The restore mode will restore all of the yumsync data to a data-only container. When restoring, a fresh data-only container is advised. Otherwise, the yumsync data directory in the data-only container needs to be empty (usually this is /data
):
# Please see the 'Persistent Data' section above if local repositories will be managed
# Create a fresh data-only container
docker create --name yumsync_data_2 jrwesolo/yumsync:latest
When executing a restore, it is required to mount an archive file to /restore
in the restore container. Be sure to also mount the volumes from the fresh data-only container created earlier:
docker run --rm \
--volumes-from yumsync_data_2 \
-v $PWD/yumsync_20160120.tar:/restore:ro \
jrwesolo/yumsync:latest restore
Now the fresh data-only container will have the restored data and can be used for future syncs.
The repair mode will fix any permission issues with the yumsync data. This repair automatically happens if the yumsync data directory has incorrect permissions when running in other modes. The contents of the yumsync data directory are not considered in the automatic check for performance reasons. If it is suspected that the permissions of the yumsync data are incorrect, run this mode to force a check.

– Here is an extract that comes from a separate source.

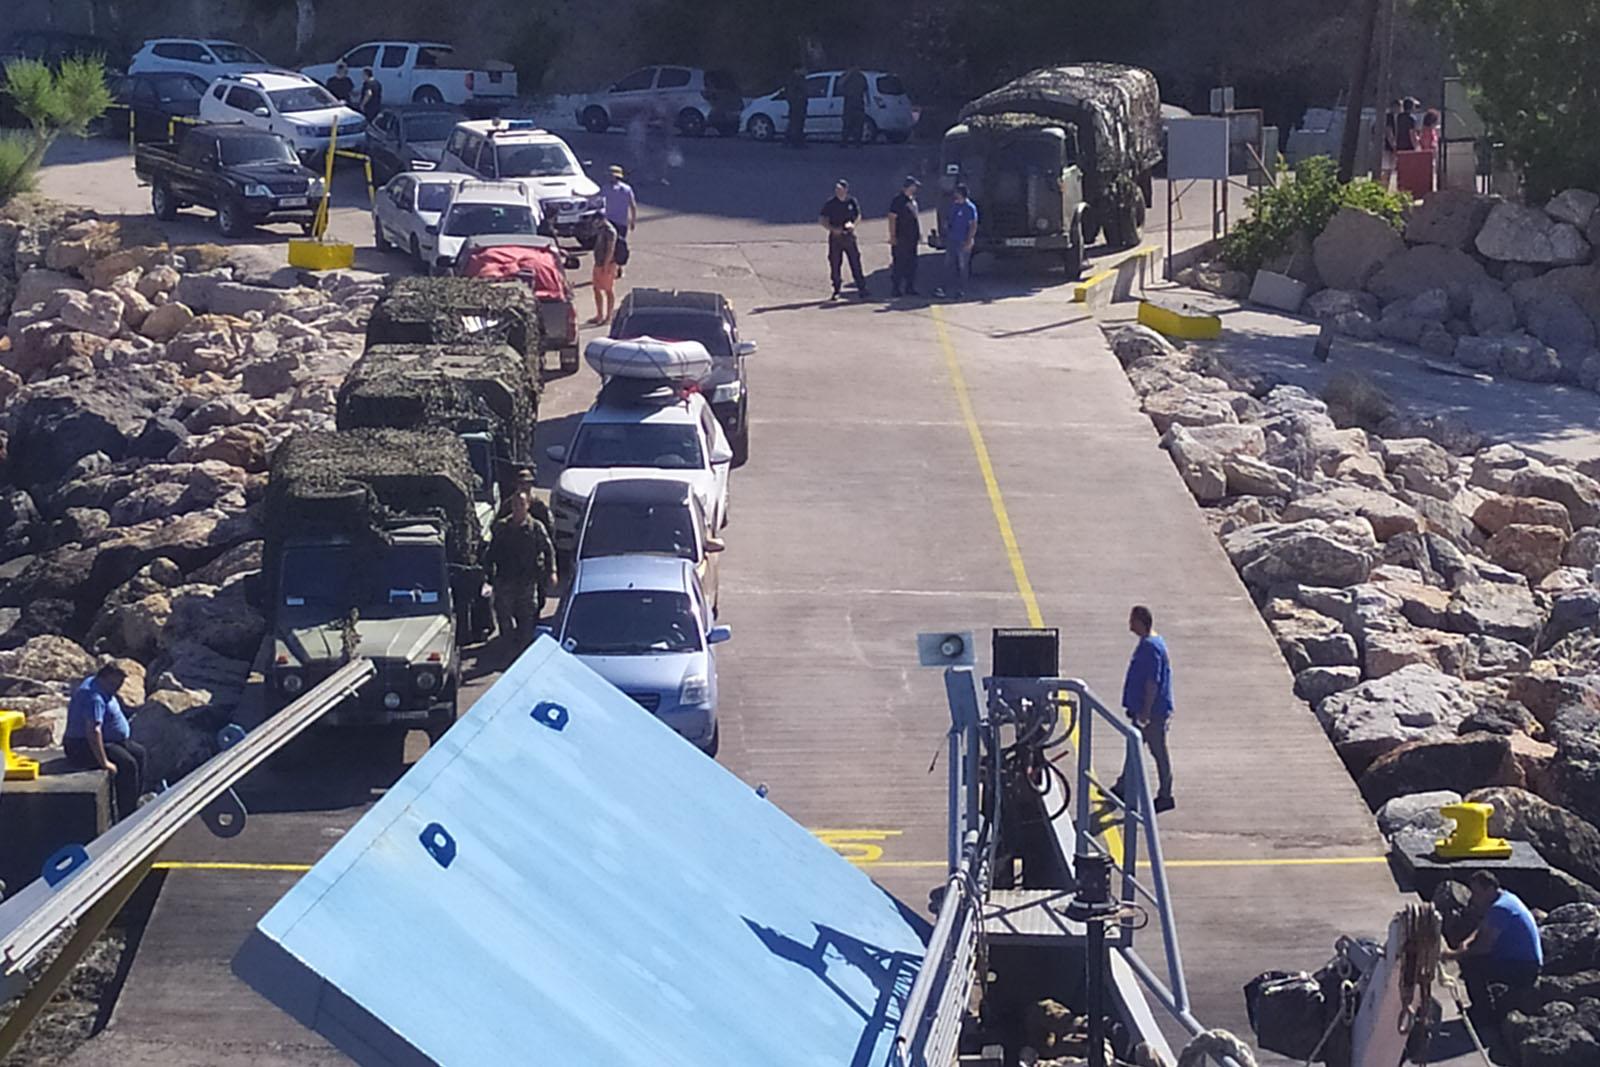 Χανιά: Γιατί έγινε απόβαση από στρατιωτικές δυνάμεις στη Γαύδο ...

The first thing needed is a data-only container that will house the persistent data:
docker create --name yumsync_data jrwesolo/yumsync:latest
Yumsync needs repos.yml
file available to configure which repositories are to be mirrored. Create $PWD/repos.yml
with the following content:
---
centos/6/extras/x86_64:
mirrorlist: 'http://mirrorlist.centos.org/?release=6&repo=extras&arch=x86_64'
gpgkey: 'http://mirror.centos.org/centos/6/os/x86_64/RPM-GPG-KEY-CentOS-6'
Now it's time to do the first sync using the previously created data-only container and config file:
docker run --rm \
--volumes-from yumsync_data \
-v $PWD/repos.yml:/etc/yumsync/repos.yml:ro \
jrwesolo/yumsync:latest
All of the data generated can now be served up with any webserver. Nginx will be used for this example. Create $PWD/nginx.conf
with the following content:
# this can be optimized to your needs
user nginx;
worker_processes auto;
events { worker_connections 1024; }
http {
sendfile on;
tcp_nopush on;
tcp_nodelay on;
include /etc/nginx/mime.types;
default_type application/octet-stream;
types { text/plain log; }
server {
listen 80 default_server;
root /data/public;
autoindex on;
autoindex_exact_size off;
}
}
All the pieces are in place now. The Nginx container can be ran with the Nginx config file and data-only container volumes mounted:
docker run --rm \
--volumes-from yumsync_data \
-v $PWD/nginx.conf:/etc/nginx/nginx.conf:ro \
-p 80:80 \
nginx:1.9
If you are using another machine or VM as your docker host, you will need to use that ip address to access Nginx. Otherwise, use 127.0.0.1
. Determine what ip address Nginx will be accessible at using the following:
[[ $DOCKER_HOST ]] \
&& sed 's|^.*://\(.*\):.*|\1|' <<< "${DOCKER_HOST}" \
|| echo 127.0.0.1
Now you can navigate to http://${ip}
and see all of the synchronized data available in a friendly and organized fashion.